Now They’re moving the Goalpost Every indication is that a final text of Iraq’s permanent constitution just won’t be reported out of the drafting committee in time to have parliament vote on…
Now They’re moving the Goalpost
Every indication is that a final text of Iraq’s permanent constitution just won’t be reported out of the drafting committee in time to have parliament vote on it on Monday. Now Iraqi politicians are talking about having parliament amend the interim constitution to allow a delay of say, two weeks. In fact, according to the Transitional Administrative Law, if the committee did not ask for an extension by August 1 (which it was pressured not to do by the Bush administration); and if the parliament did not approve the new constitution by August 15; then parliament should be dissolved.
61 (G) If the National Assembly does not complete writing the draft permanent constitution by 15 August 2005 and does not request extension of the deadline in Article 61(F) above, the provisions of Article 61(E), above, shall be applied. ‘
So what does 61 (E) say?
‘ If the referendum rejects the draft permanent constitution, the National Assembly shall be dissolved. Elections for a new National Assembly shall be held no later than 15 December 2005. The new National Assembly and new Iraqi Transitional Government shall then assume office no later than 31 December 2005, and shall continue to operate under this Law, except that the final deadlines for preparing a new draft may be changed to make it possible to draft a permanent constitution within a period not to exceed one year. The new National Assembly shall be entrusted with writing another draft permanent constitution. ‘
The language about changing the final deadline refers to the period after new elections, not before.
Thus, according to the existing interim constitution, the plan of extending the deadline at this late date is clearly unconstitutional, and parliament should instead be dissolved and new elections held. (They have to be held no later than December, but could be held, e.g., in September or October in principle).
In fact, holding new elections will require another lockdown of the whole country, perhaps the addition of a division or 20,000 American troops to what is there now, another 3-day curfew on all vehicle traffic, and all the logistics these steps would entail. In other words, even if they interim constitution was followed, new elections probably could not be held before November at the earliest.
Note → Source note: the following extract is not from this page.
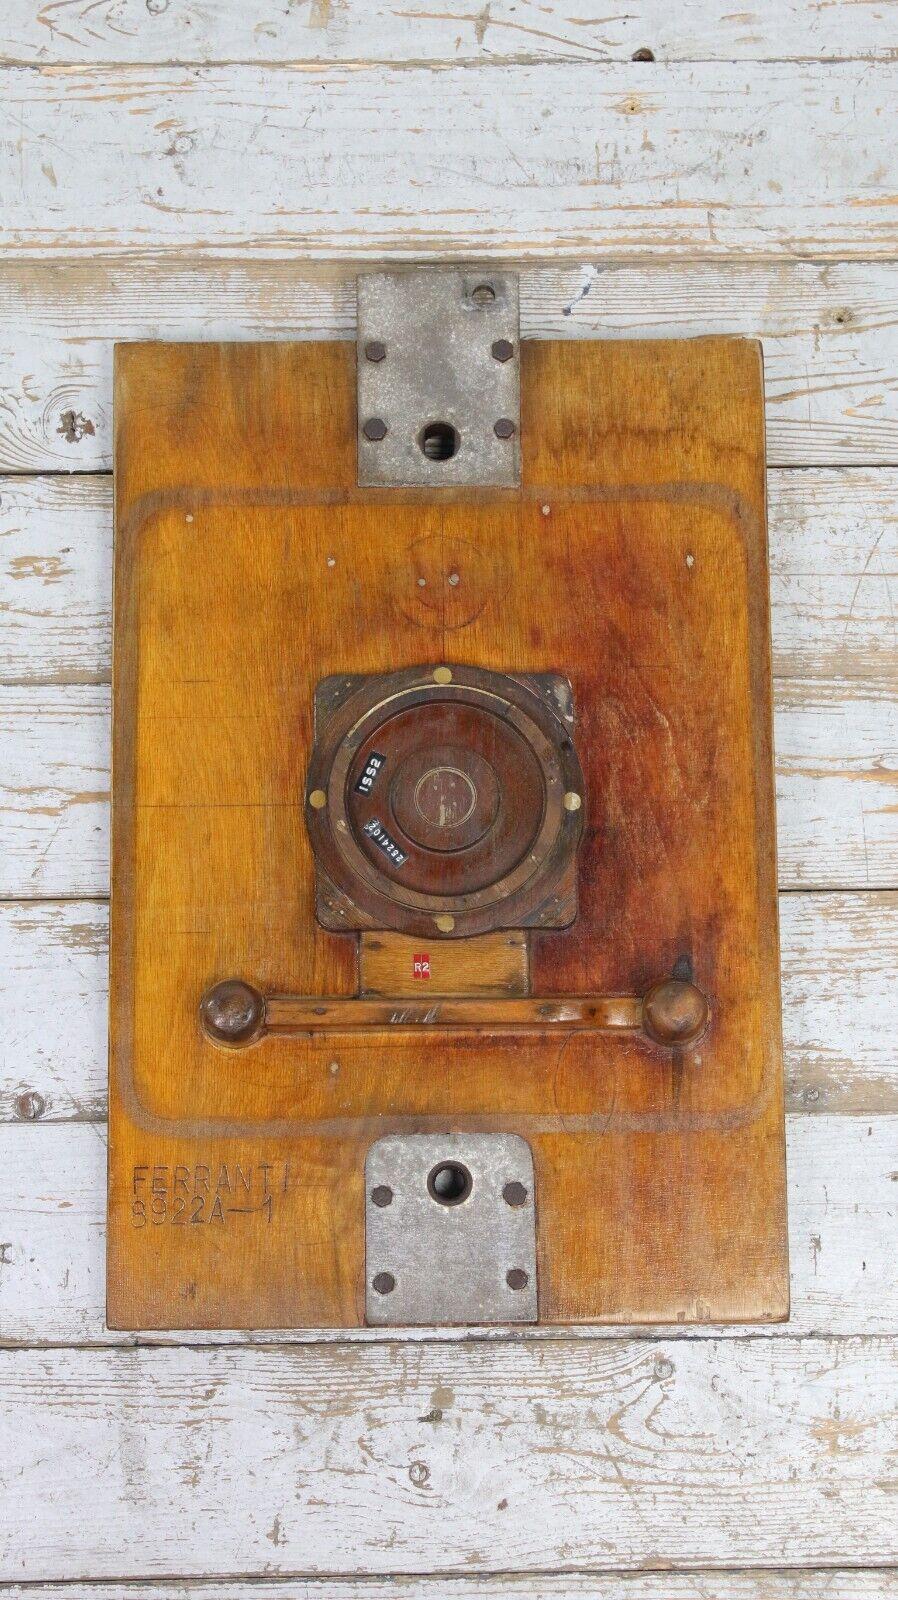 Mixed Wood Factory Mould from the Mid-20th Century adds an industrial touch to your home or office. The mould dates back to circa 1960s and is made from mixed wood, providing excellent patina. It can be affixed to any wall and used as wall decor or
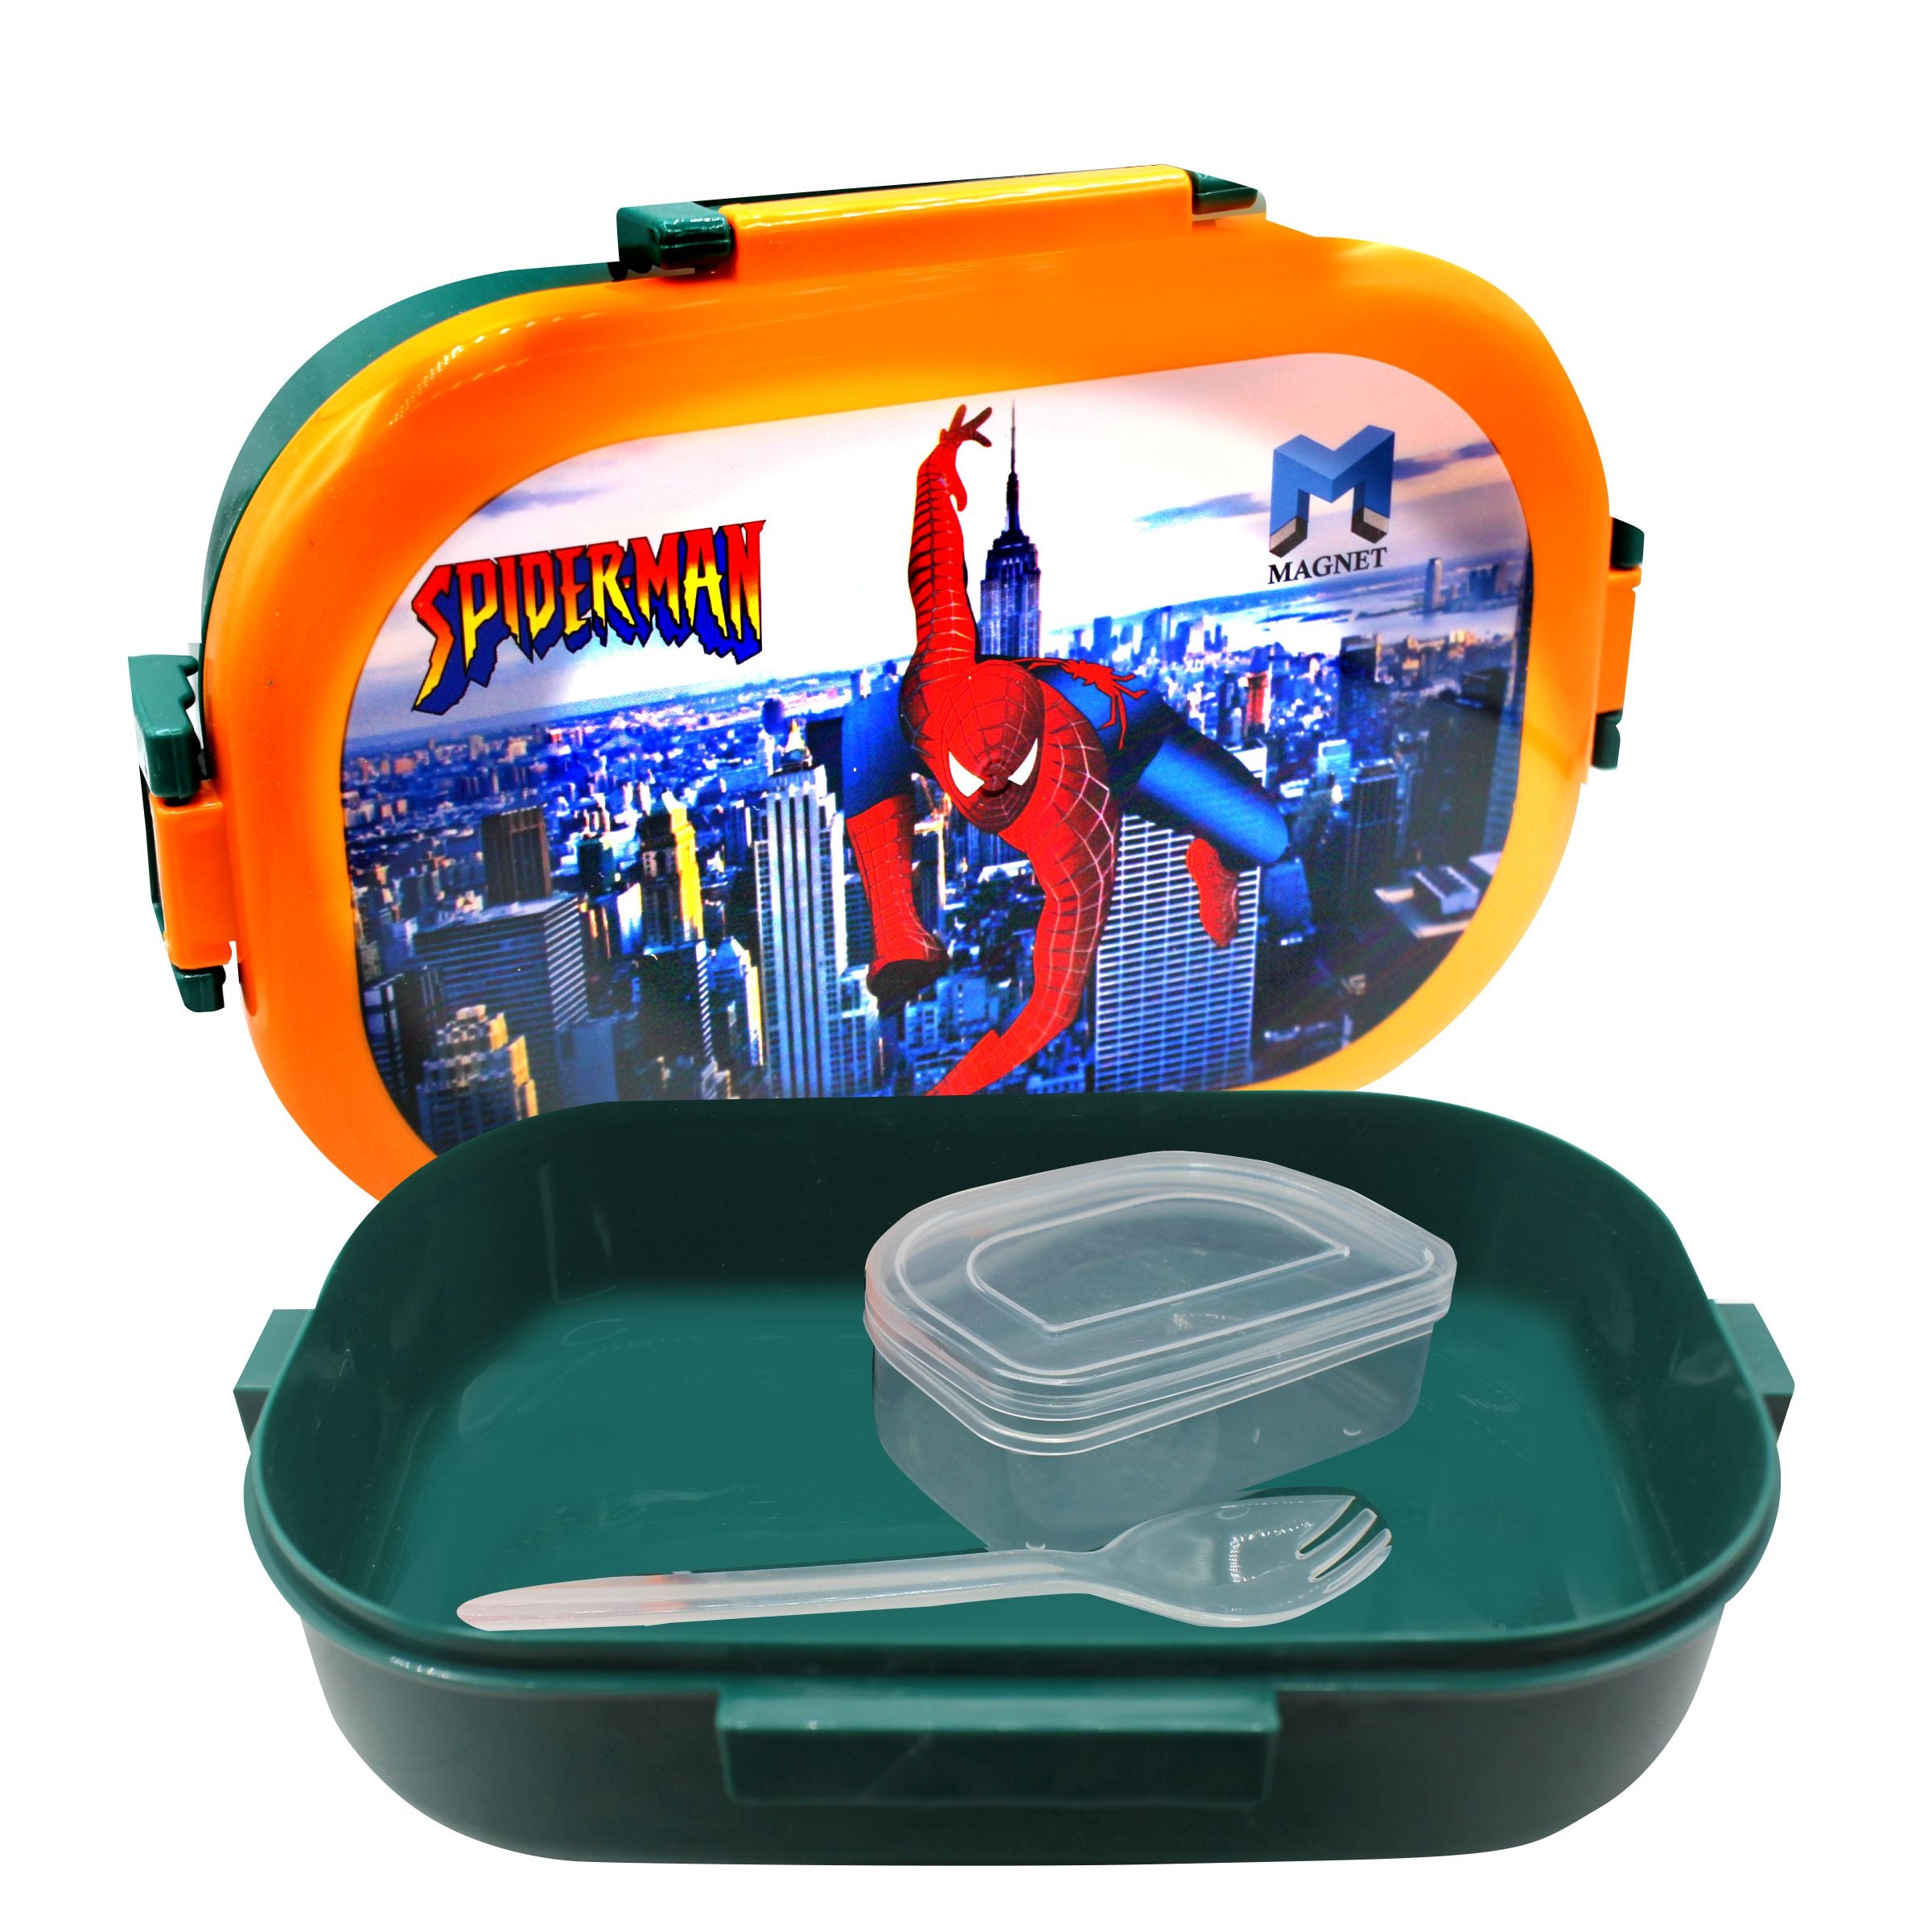 Spiderman Character Premium Quality Lunch Box For Kids

In the meantime, with no parliament Ibrahim Jaafari and his Shiite-dominated cabinet would become an executive unchecked by a legislature, and so a sort of elected dictatorship (there is no supreme court yet) for two to four months.
It is not clear that the Iraqi public would have the heart for these new polls, since the last ones only produced deadlock. (People kept asking me why I wasn’t more enthusiastic about Jan. 30 at the time. It was because I knew the system had been set up so that the Sunni Arabs would probably be excluded and the Shiite religious parties would do very well, and both developments seemed to me harbingers of doom.)
We may well be watching the point at which the interim constitution begins being abandoned even in the absence of a new one, the point at which party politics and the interests of indigenous politicians overpower the technocratic dreams of the American political authority of 2003-2004. Paul Bremer had to slip out of Iraq in the middle of the night, and now his constitution may be making the same undignified exit.
Even if all this is somehow retrieved, the constitution could still be rejected in the referendum, and the Sunni Arab guerrilla movement is likely to go on anyway. Already Monday morning the wire services were reporting 9 killed in various places by guerrilla violence.
Allegations were also made Monday that the Iraqi government is guilty of torture, in contravention of the interim constitution and also of the draft of the permanent one.
The real question isn’t the constitution. The real question is actual, concrete politics. How do you keep the Kurds in without giving away the north? How do you bring the Sunni Arabs back in to ordinary politics? How do you satisfy the Shiites without implementing Islamic law as the law of the land? Those aren’t even necessarily constitutional problems (Nigeria wrestles with similar issues every day, just in the framework of provincial statute). They are political ones. Resolving them requires compromises that the major political forces seem unwilling to make. It looks, in fact, like Nigeria circa 1966 (google Biafra).